In our example concerning GPA, suppose that our random sample of *n = 15* students majoring in Data Science yields an arbitrary test statistic, which is obscured in this example. Also, suppose we set our level of significance to *$\alpha$ = 0.05*, so that we only allow a 5% chance of making an error in our findings.

**Right Tailed Test**

The *p-value* for conducting a Right Tailed Test is the probability we would observe a test statistic greater than what we calculate (in this case, this value is abstracted). Think of the probability of an event happening as the area under the bell curve.

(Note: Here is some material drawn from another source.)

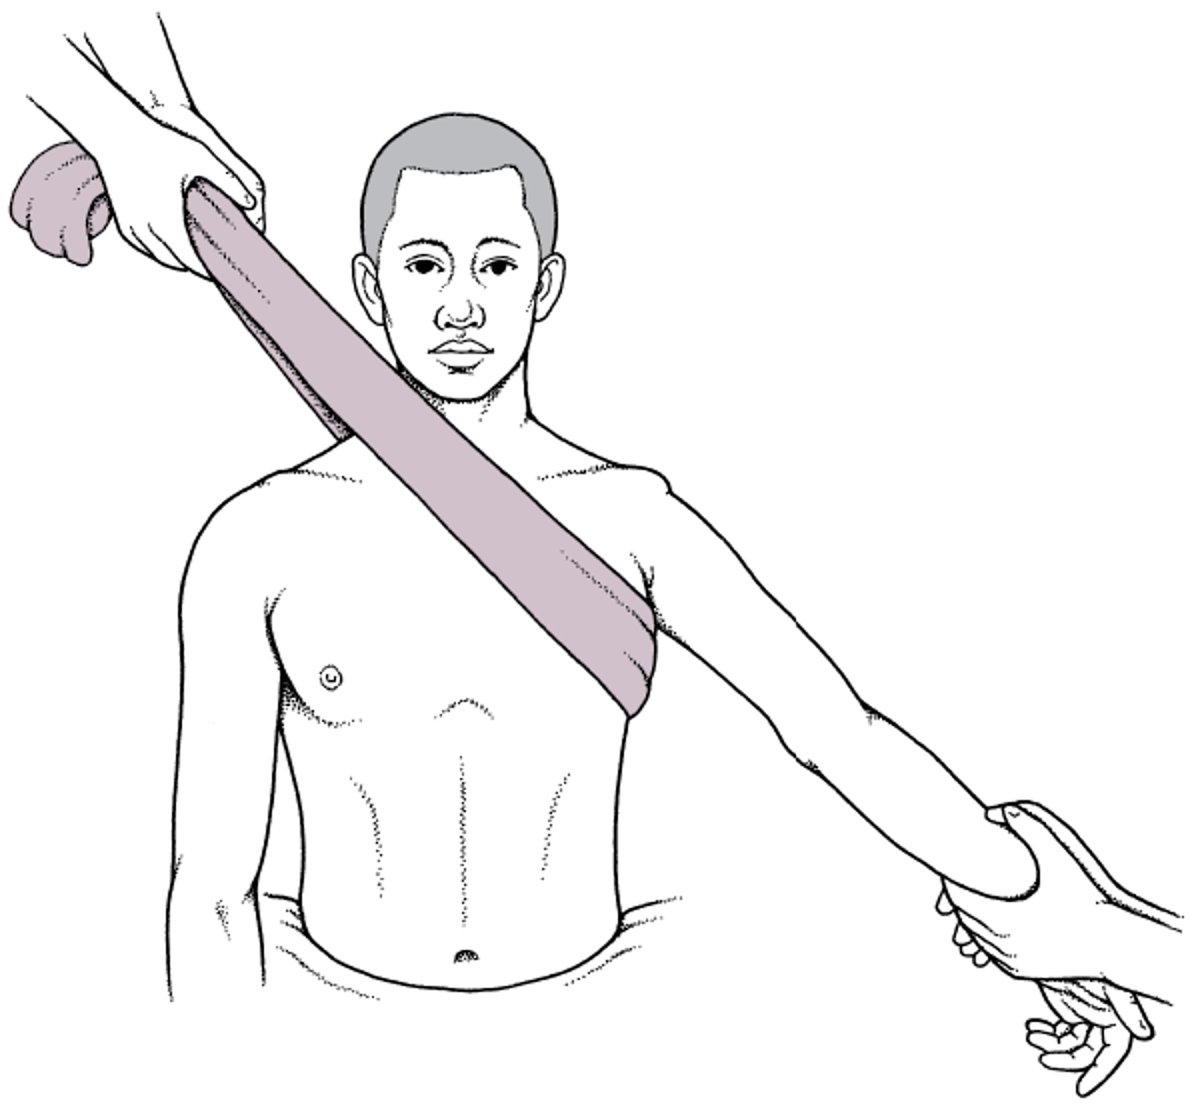 Técnica de tracción-contratracción para la reducción de las luxaciones anteriores del hombro
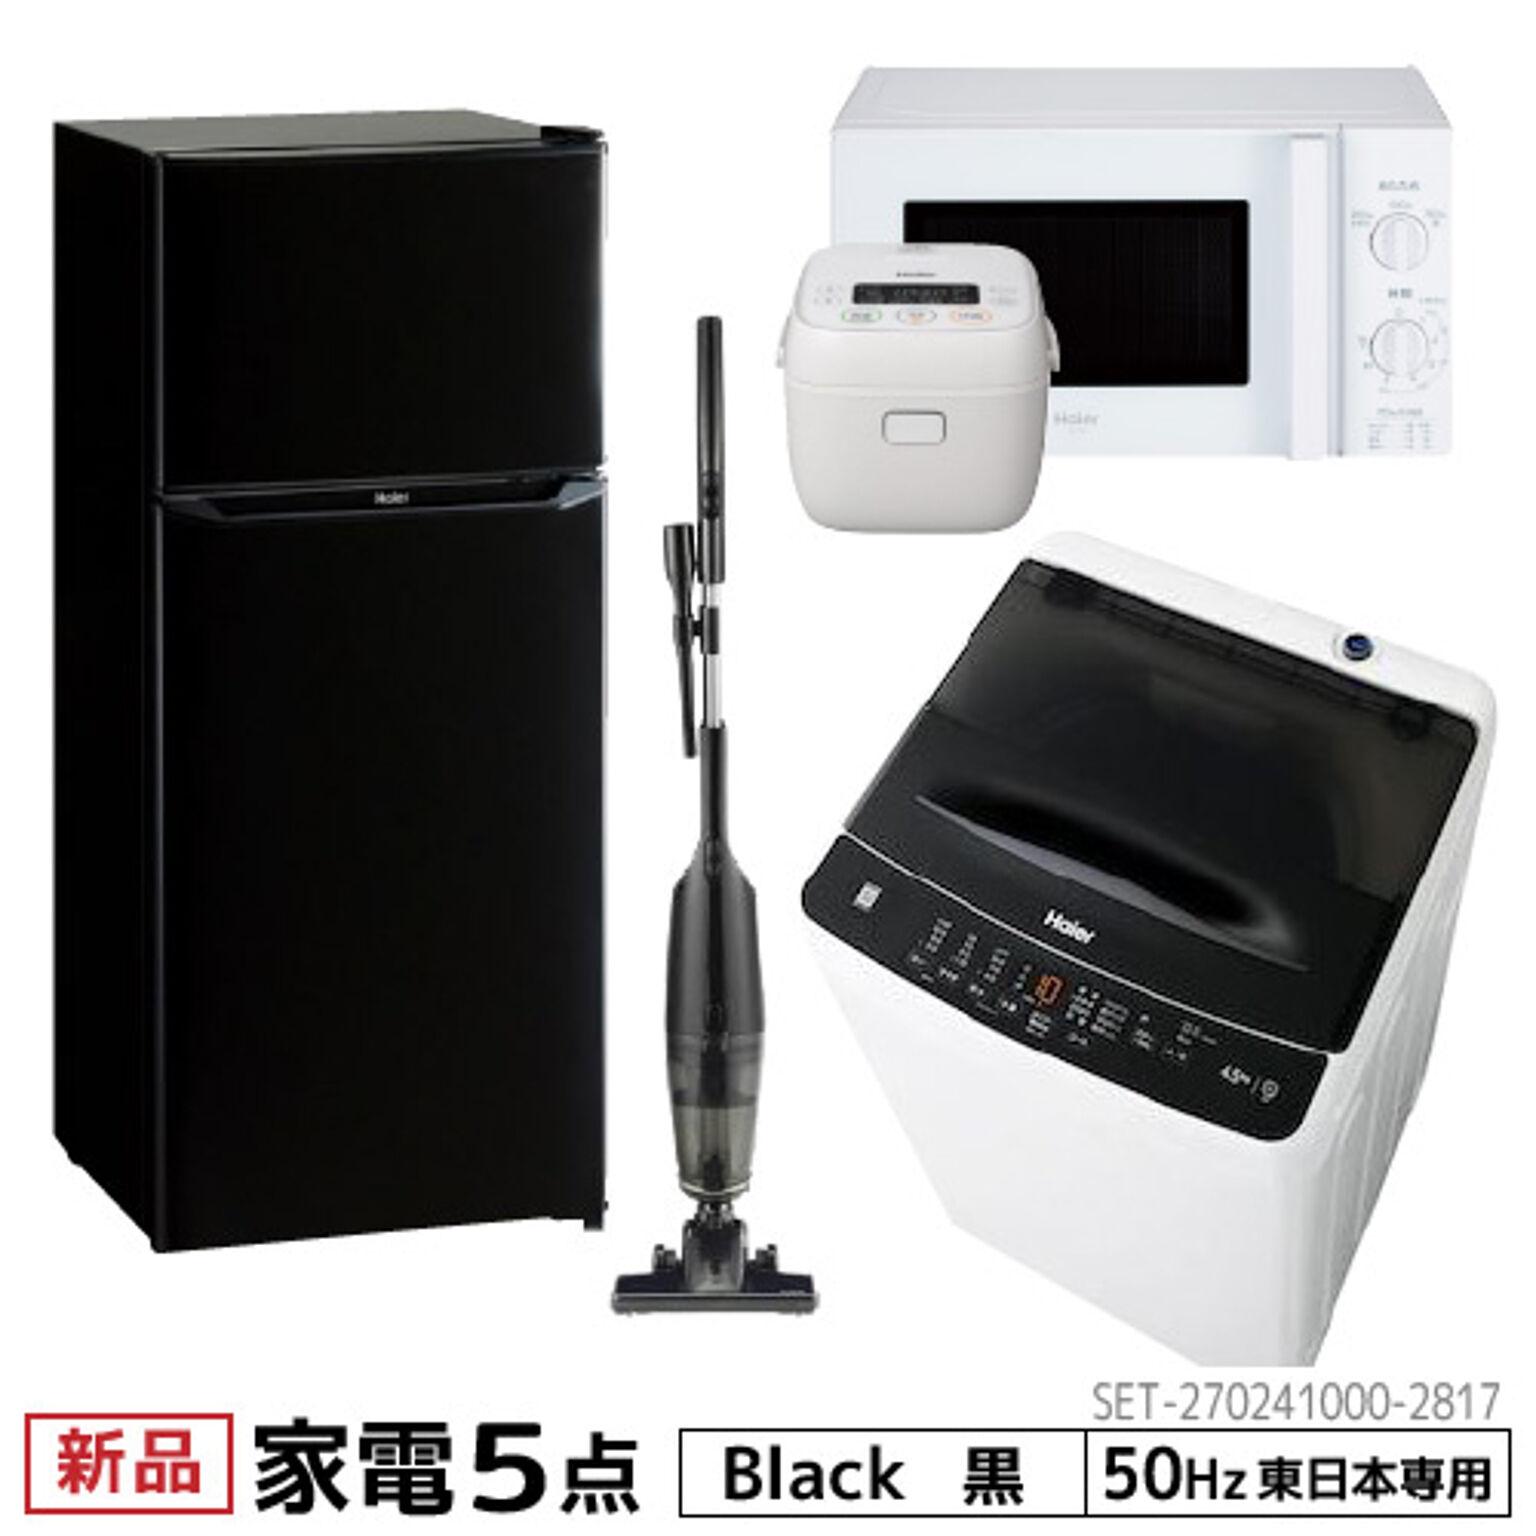 一人暮らし 家電セット5点セット 東日本地域専用 ハイアール 2ドア冷蔵庫 ブラック色 130L 全自動洗濯機 洗濯4.5kg 電子レンジ ホワイト 17L50Hz 炊飯器 3合 クリーナー

From this particular example, say we use statistical software which depicts the graph below, with a *p-value* being 0.0127:

![image.png](attachment:b9b64d51-8116-413b-8868-523384c00ab2.png)

**Question 10:** Using a 5% P-value cutoff, draw a conclusion about the null and alternative hypotheses. Describe your findings using simple, non-technical language. What does your analysis tell you about the association between the 15 students's GPA?

...

Congratulations! You've completed this Notebook.